> Instructions to follow
Exactly the lines starting at the line containing "At long last, Louisville" and ending at the line containing "dartfords Daytona Blue" are to be written out from the listing below, both included.

> Records to use
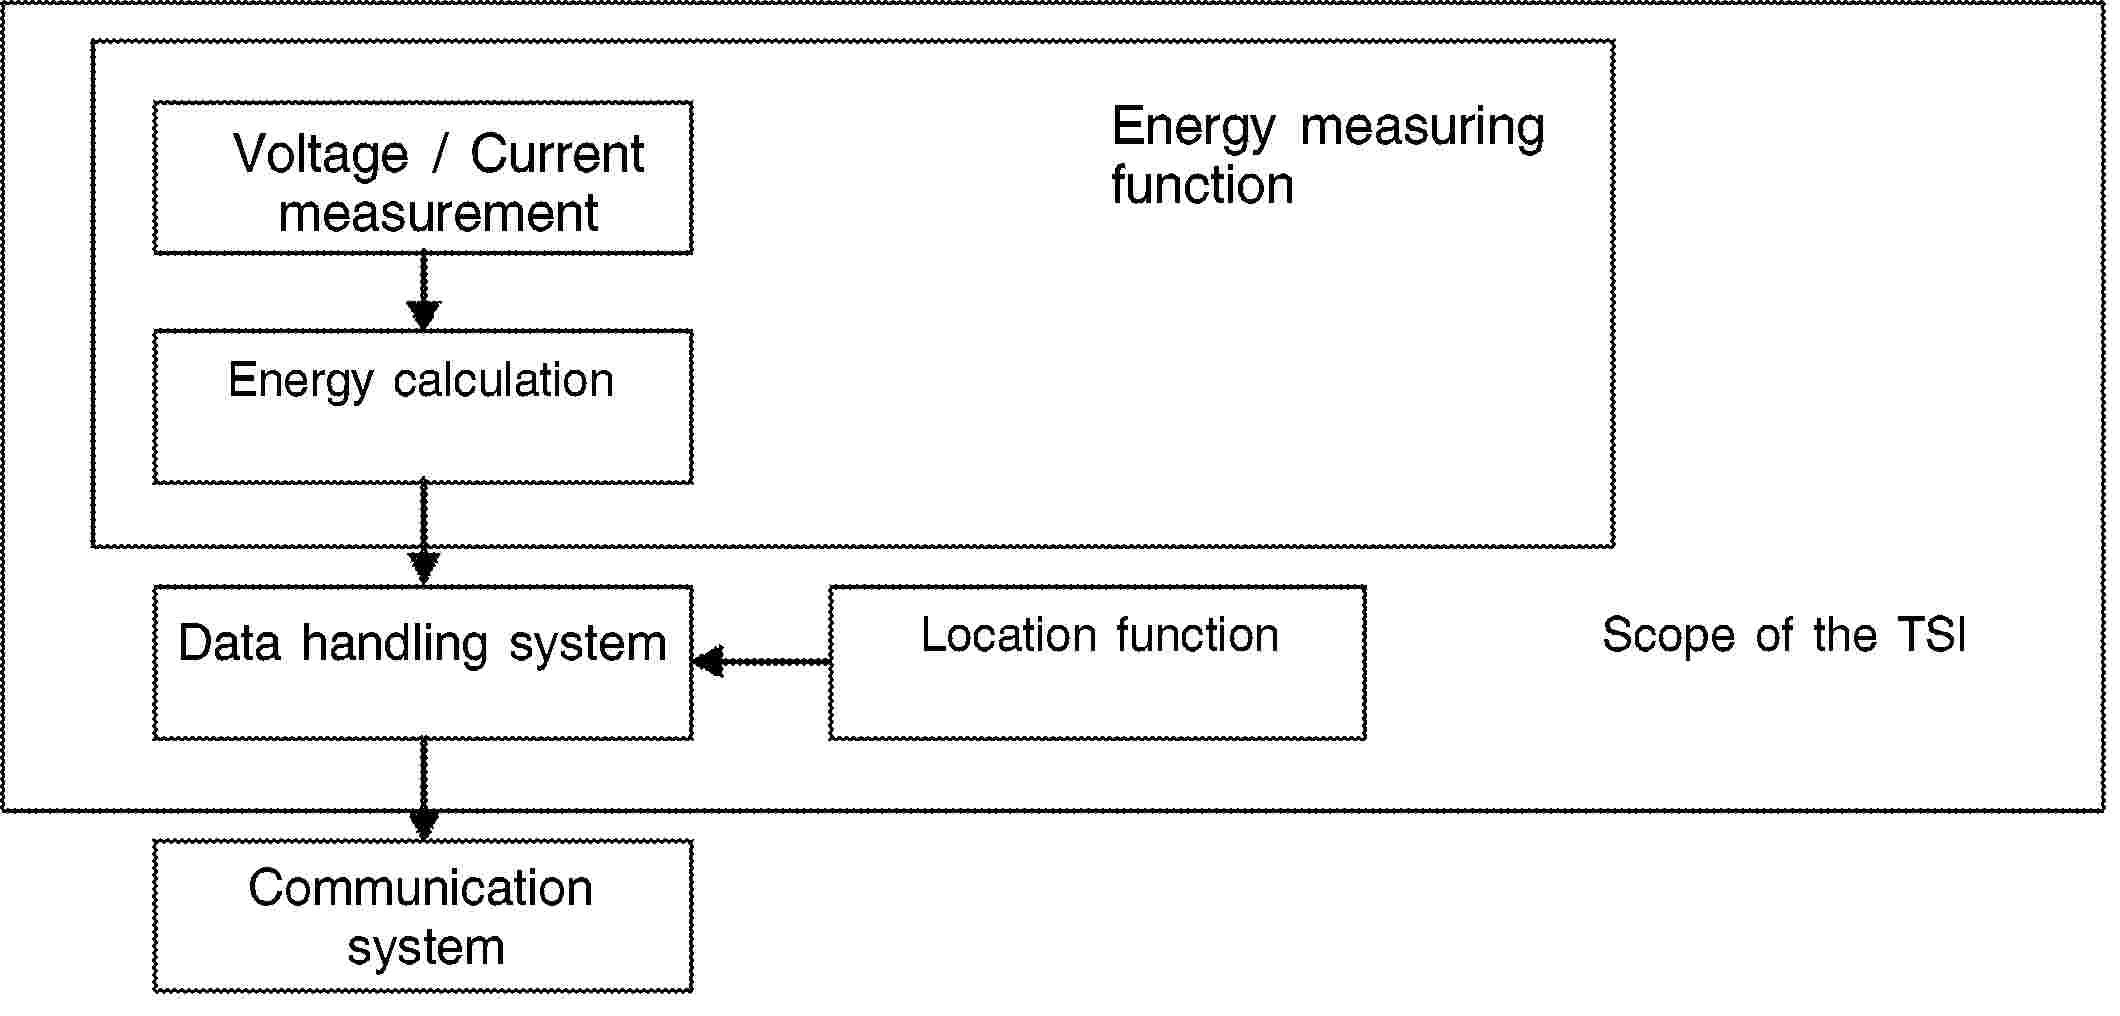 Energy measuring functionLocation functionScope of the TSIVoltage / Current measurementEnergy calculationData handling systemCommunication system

* * *

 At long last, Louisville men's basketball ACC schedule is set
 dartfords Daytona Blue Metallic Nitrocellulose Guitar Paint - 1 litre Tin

==

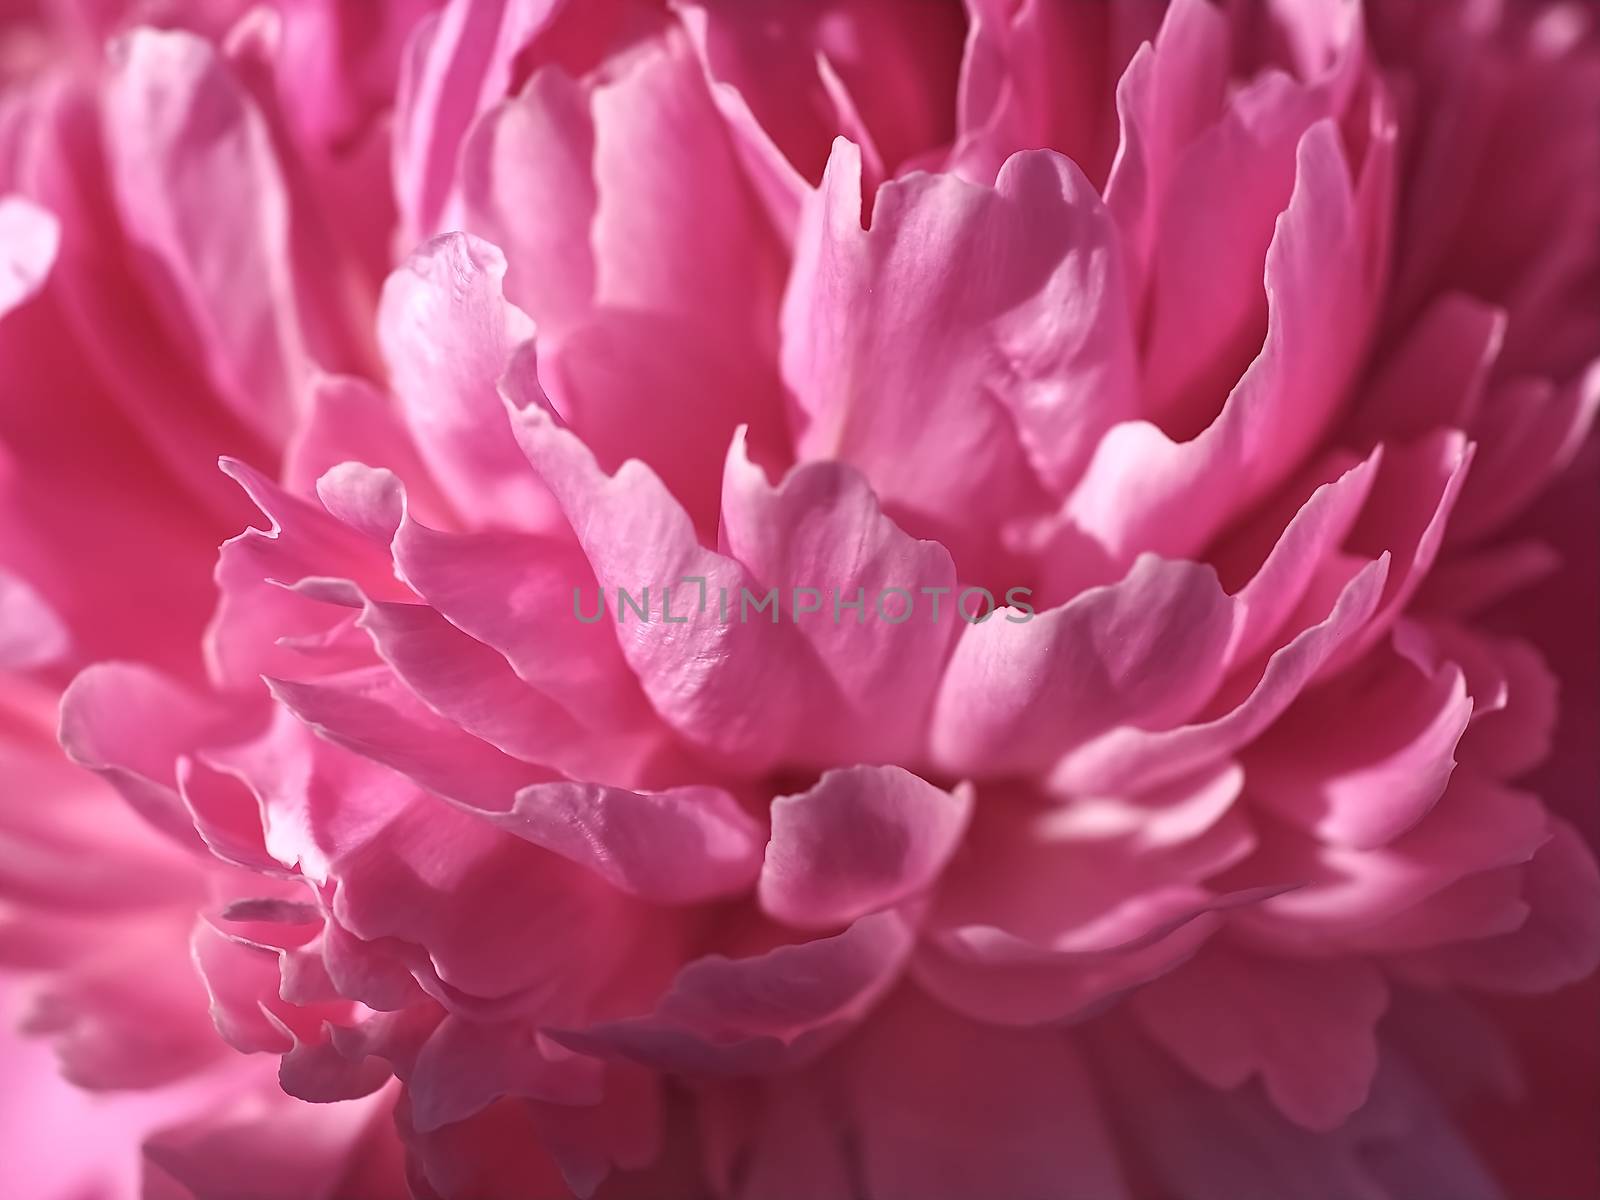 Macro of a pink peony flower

> Your solution
 At long last, Louisville men's basketball ACC schedule is set
 dartfords Daytona Blue Metallic Nitrocellulose Guitar Paint - 1 litre Tin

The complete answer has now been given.